DOJ has claimed in multiple federal cases over the past several years that the statute banning cannabis consumers from owning or possessing guns is constitutional because it’s consistent with the nation’s history of disarming “dangerous” individuals.
In 2023, for example, the Justice Department told the U.S. Court of Appeals for the Third Circuit that historical precedent “comfortably” supports the restriction. Cannabis consumers with guns pose a unique danger to society, the Biden administration claimed, in part because they’re “unlikely” to store their weapon properly.
Last year, Biden’s son Hunter was convicted by a federal jury of violating statute by buying and possessing a gun while an active user of crack cocaine. Two Republican congressmen challenged the basis of that conviction, with one pointing out that there are “millions of marijuana users” who own guns but should not be prosecuted.
The situation has caused confusion among medical marijuana patients, state lawmakers and advocacy groups, among others. The National Rifle Association’s (NRA) lobbying arm said recently that the court rulings on the cannabis and guns issue have “led to a confusing regulatory landscape” that have impacted Americans’ Second Amendment rights.
“Marijuana use is no longer limited to the domain of indigenous religious customs or youth-oriented counterculture and now includes a wide variety of people who use it for medicinal or recreational reasons,” said the advocacy group, which does not have an official stance on cannabis policy generally. “Many of these individuals are otherwise law-abiding and productive members of their communities and want to exercise their right to keep and bear arms.”
Meanwhile, some states have passed their own laws either further restricting or attempting to preserve gun rights as they relate to marijuana. Recently, for example, a Pennsylvania lawmaker introduced a bill meant to remove state barriers to medical marijuana patients carrying firearms.
Colorado activists also attempted to qualify an initiative for November’s ballot that would have protected the Second Amendment rights of marijuana consumers in that state, but the campaign’s signature-gathering drive ultimately fell short.
As 2024 drew to a close, the ATF issued a warning to Kentucky residents that, if they choose to participate in the state’s medical marijuana program that’s set to launch imminently, they will be prohibited from buying or possessing firearms under federal law.

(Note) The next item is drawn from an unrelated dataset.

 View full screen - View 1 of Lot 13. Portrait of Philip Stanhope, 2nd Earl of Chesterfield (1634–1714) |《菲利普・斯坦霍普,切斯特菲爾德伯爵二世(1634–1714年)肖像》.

The official said that while people who already own firearms aren’t “expected to” turn them over if they become state-legal cannabis patients, those who “wish to follow federal law and not be in violation of it” must “make the decision to divest themselves of those firearms.”
Since then, bipartisan state lawmakers have introduced legislation that would urge Kentucky’s representatives in Congress to amend federal law to clarify that users of medical marijuana may legally possess firearms.
Kentucky Gov. Andy Beshear (D) said last month that he supports the legislature’s effort to urge the state’s congressional delegation to call for federal reforms to protect the Second Amendment rights of medical marijuana patients, but the governor added that he’d like to see even more sweeping change on the federal level.
“I think the right way to deal with that is not just to focus on that issue, but to change the schedule of marijuana,” Beshear said at a press conference. “What we need to change is the overall marijuana policy by the federal government.”